43 years ago, on April 23, Sant Jordi’s Day, Josep Pla died. On Book Day in 2024, one of the main volumes will undoubtedly be the extensive – more than 1,500 pages – and detailed biography Un cor furtiu, which the professor and specialist Xavier Pla has dedicated to him. Any lover of this great Empordà writer, one of the indispensable signatures of the 20th century, will do well to have it on hand, if not to read it in one sitting, then to calmly enjoy it through thematic chapters. Discovering professional experiences, such as when Pla served as deputy director of this newspaper for a few months, from two days after his return to Barcelona on January 26, 1939 until the imposition by Serrano Suñer of Luis de Galinsoga as director in April of that anus. And browsing through the countless literary and private stories, something that the structure of the book favors.

Pla was a voracious reader since his high school years in Girona, and a compulsive book buyer since the beginning of his university years in Barcelona. Montaigne’s Essays, acquired early in a 1912 edition, accompanied him throughout his life. Some time ago another important figure in our literature, Valentí Puig, immersed himself in his oceanic work and from it he compiled a Pla Literature Dictionary, collecting an anthology of comments that the man from Llofriu had dedicated throughout his career to the staff. of European writers, from past eras and contemporaries of his career.

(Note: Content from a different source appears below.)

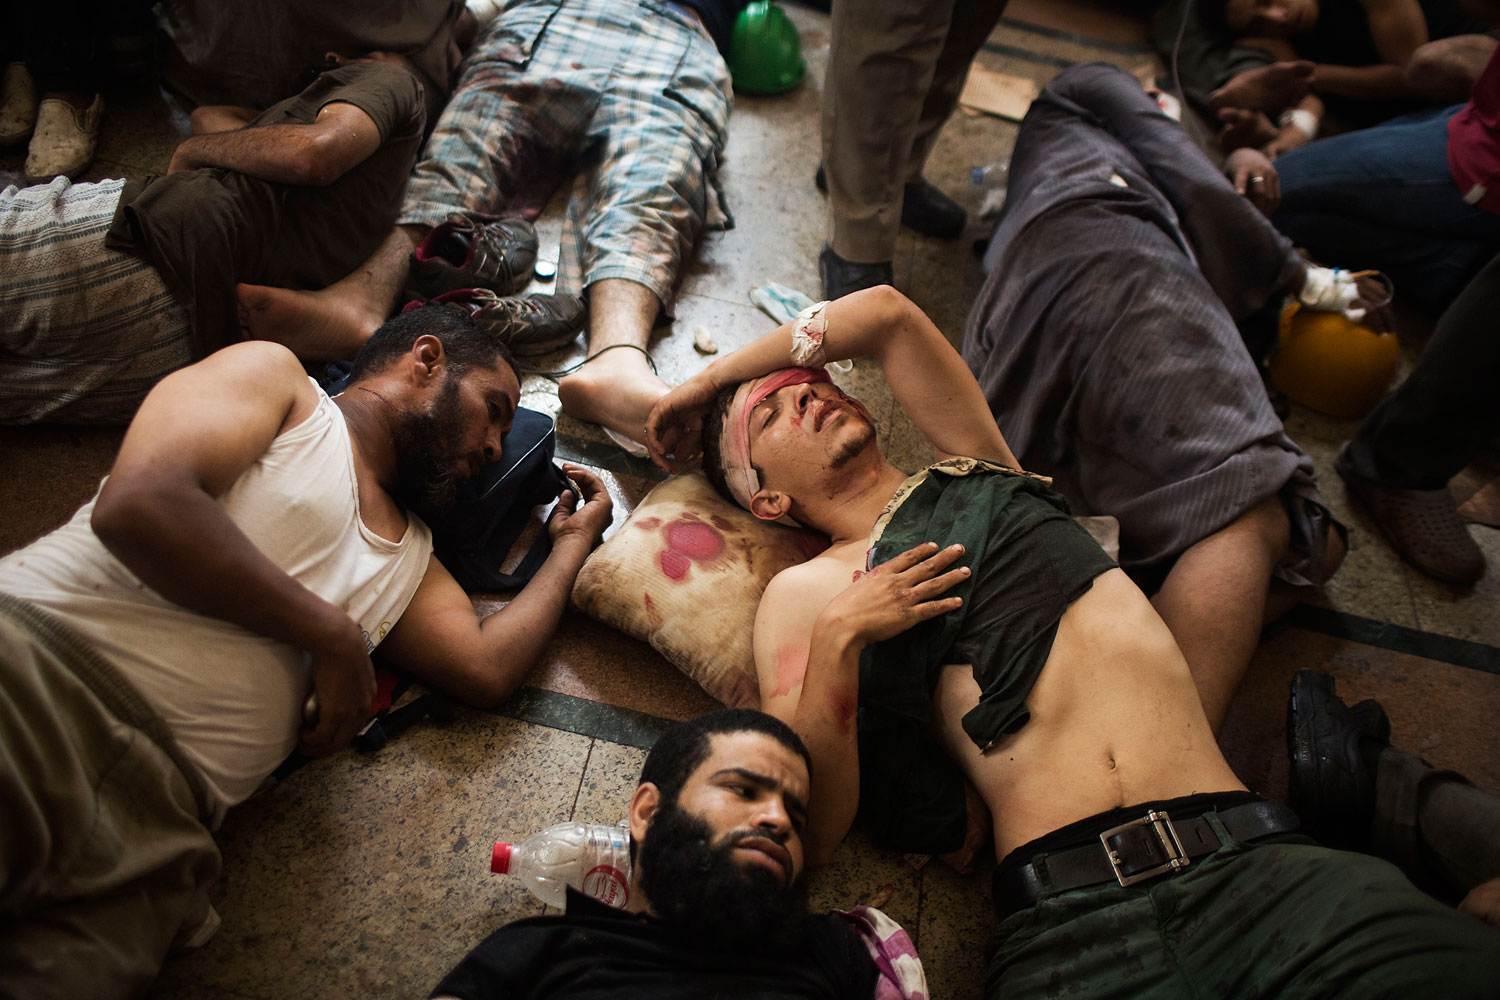 Wounded supporters of ousted Islamist President Mohammed Morsi lie on the floor of a makeshift hospital at a sit-in at Cairo's Nasr City district, Egypt, Aug. 14, 2013.

And good creation does not come from nothing.

In recent years, writing workshops have proliferated. There are many people who want to perfect their prose and aspire to capture their experiences, their evocations or their fantasy. At the height of digital communication, the desire to write is more alive than ever within very diverse groups. However, as the Italian Vanni Santoni has recalled in a delightful text, To write you have to read. Without this continued practice there are no techniques that are valid. Santoni, who teaches writing classes, laments that “a very high percentage of those who want to write have not read and do not read enough,” and if he is asked for advice for aspiring writers, he responds: “Read, read, read.” .

Something that the protagonist of another key volume does regularly do in the upcoming Sant Jordi. Ana Magdalena Bach, before, during and after her trips to the island, is a devotee of El lazarillo de Tormes, The old man and the sea, The stranger, Dracula, the Anthology of fantastic literature by Borges, Bioy y Ocampo, Crónicas Martians, The Ministry of Fear… It is hard to think that Gabriel García Márquez arranged these references by chance in what constitutes his exciting farewell to the narrative, recovered posthumously, In August See You.

To write you have to read. Two greats – by the way, so closely linked to Barcelona – like Pla and García Márquez made it clear throughout thousands of pages. It is also advisable to do it to enrich daily life by opening windows of curiosity, culture, spirituality and beauty. And to ward off the danger of progressive idiocy that Quim Monzó warns us about in his new work Ments preclares. El llibre dels idiotes, another essential recommendation for next Tuesday.

Like every year, La Vanguardia’s Cultura/s supplement proposes its selection of new releases, encouraging our readers to go to bookstores and purchase the ones that interest them, because a good part of the future is at stake today in the survival of bookstores in solid health. of our culture. And because for almost everything you have to read.